FOR Bernard Dunleavy to live someone had to die.
It's a harsh, often unpalatable thought, yet Bernard like thousands of others across the country is living testimony to the success of the organ donor transplantation service.
It was five years ago that Bernard, now 63, was given a new heart at Wythenshawe Hospital, the heart of a girl who had died when the same age as Bernard's own daughter -18.
"Coming to terms with the fact that a family somewhere is mourning a loss, while you have been given an opportunity to live is one of the toughest things you have to come to terms with," said Bernard, a committed Catholic who, before the operation had been given just five months to live.
The transplant was the culmination of years of ill health and major operations to repair his badly damaged heart.
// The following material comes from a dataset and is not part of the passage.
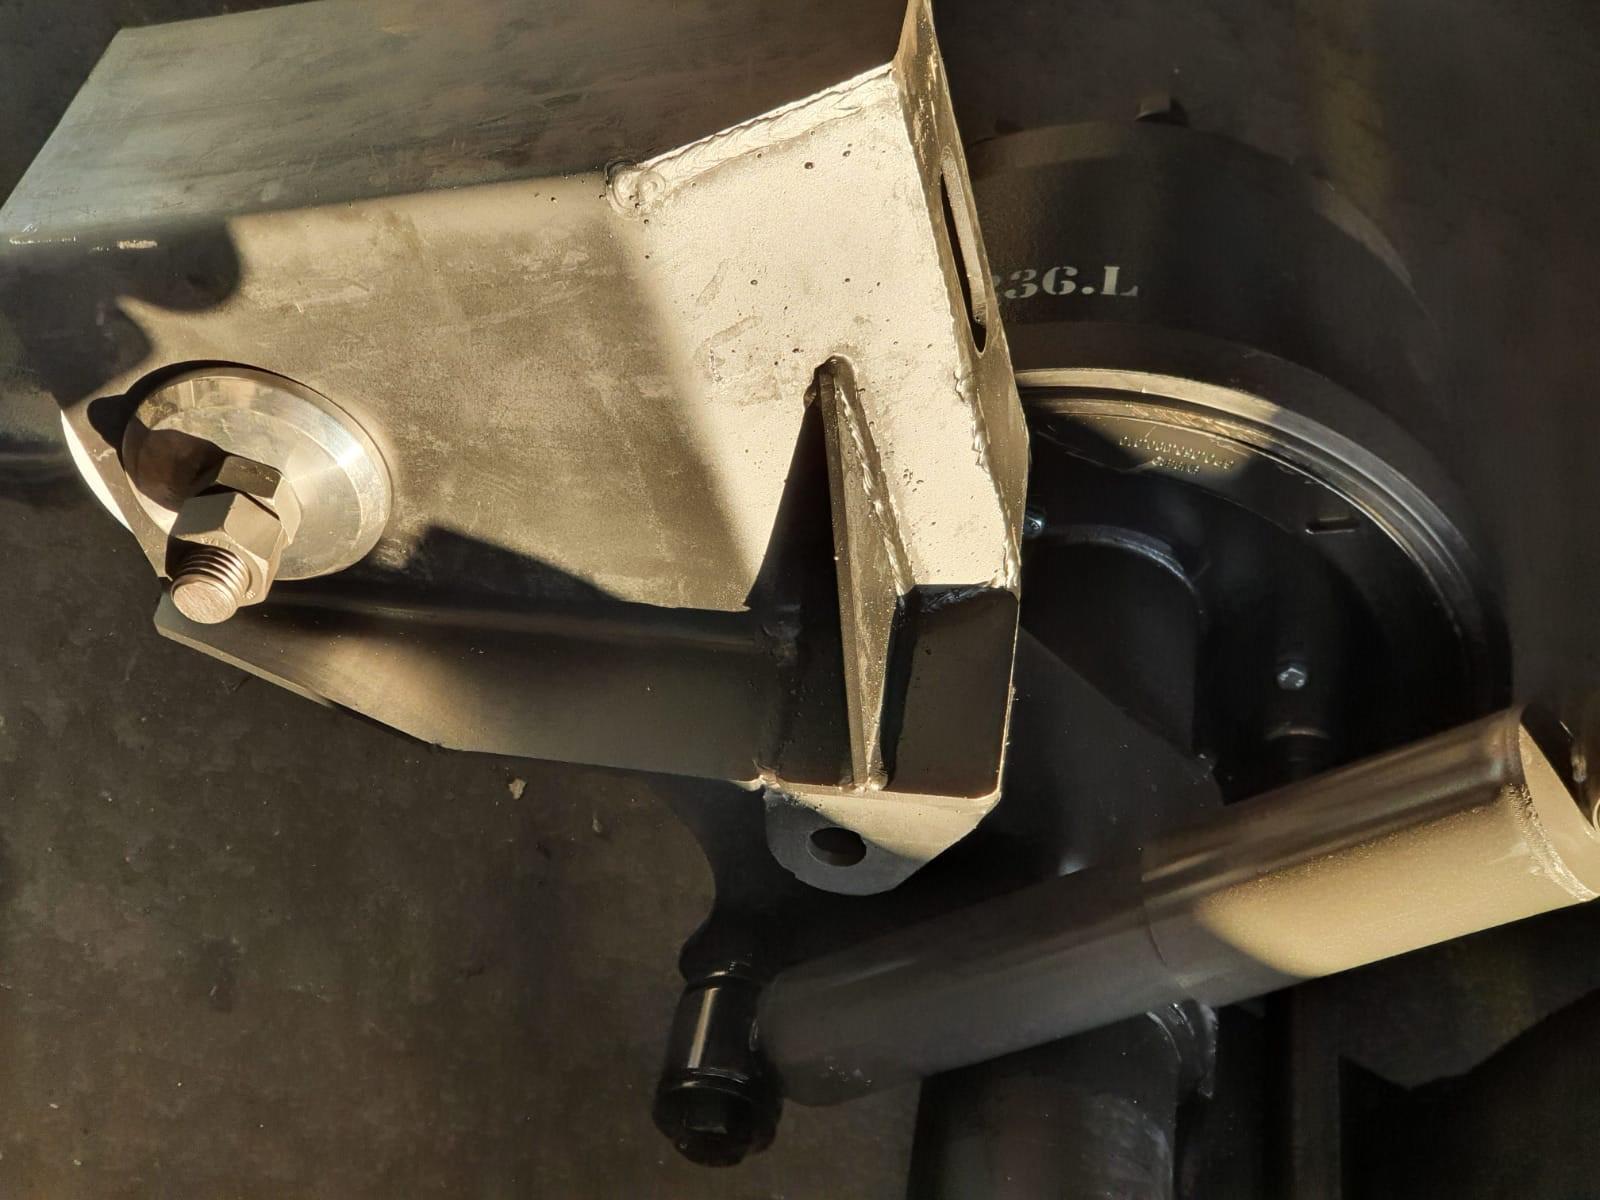 トレーラーエアサスペンション  ゆるみ箇所:ショックアブソーバーの締結、スプリングハンガーとリーフスプリングの締結、Uボルトの締結
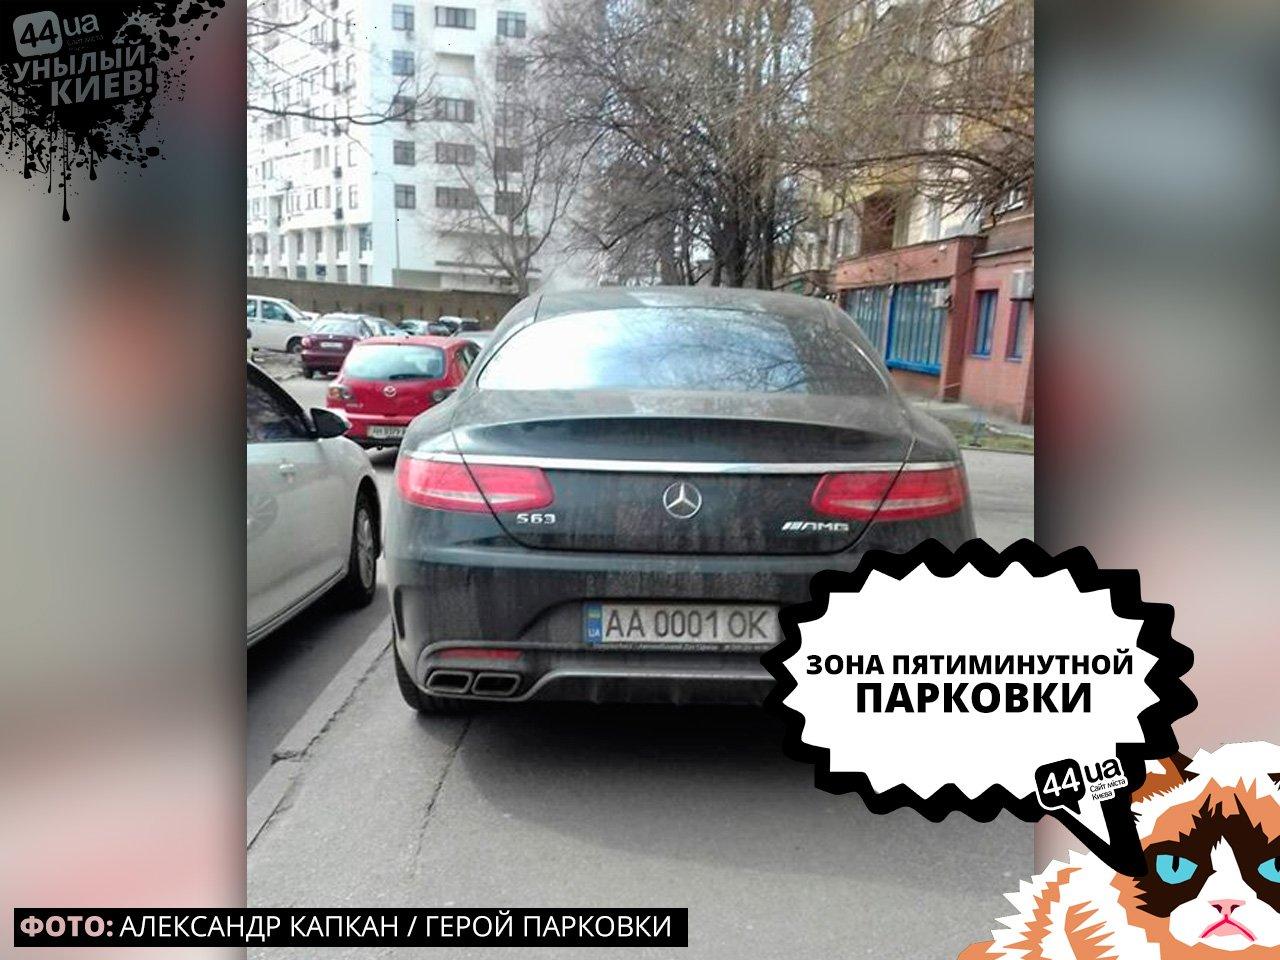 Унылый Киев: ТОП-7 героев парковки, живущих в столице, фото-4

During the early 1990s Bernard's condition deteriorated to such a point that he was forced to give up his lecturing job at Bolton College and endured a poor quality of life, until he himself broached the subject of a transplant with surgeons at Wythenshawe.
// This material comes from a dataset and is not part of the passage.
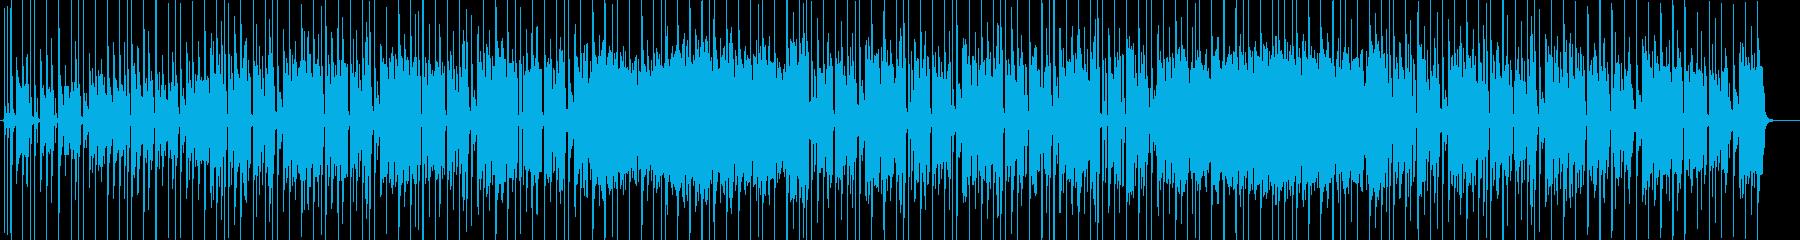 わくわく楽しい キュートなファンクポップの再生済みの波形

"My family thought it was a terrible thing, far too risky but I knew it was the only real chance. I had very little in the way of quality of life, even speaking for long periods was too much for me and there was simply no option," said Bernard, who lives in Bury.
It's reckoned 3,000 people took on a new lease of life last year and a further 3,000 regained their eyesight through corneal transplant. All were reliant on people carrying organ donor cards.
To highlight the need for donors and encourage more to take the simple step of carrying donor cards, Bolton Rotary Club with Bernard's support will be in Bolton's Crompton Place Shopping Centre tomorrow and Saturday. Information and advice from medical and surgical specialists and recipients such as Bernard will be on hand to answer the public's questions.
"We hope to demonstrate to the public just how easy it is to become an organ donor and how their wishes will be registered which will ease the ordeal of dependants and loved ones at a traumatic and emotional time," said Bolton Rotary Club official George Mortimore.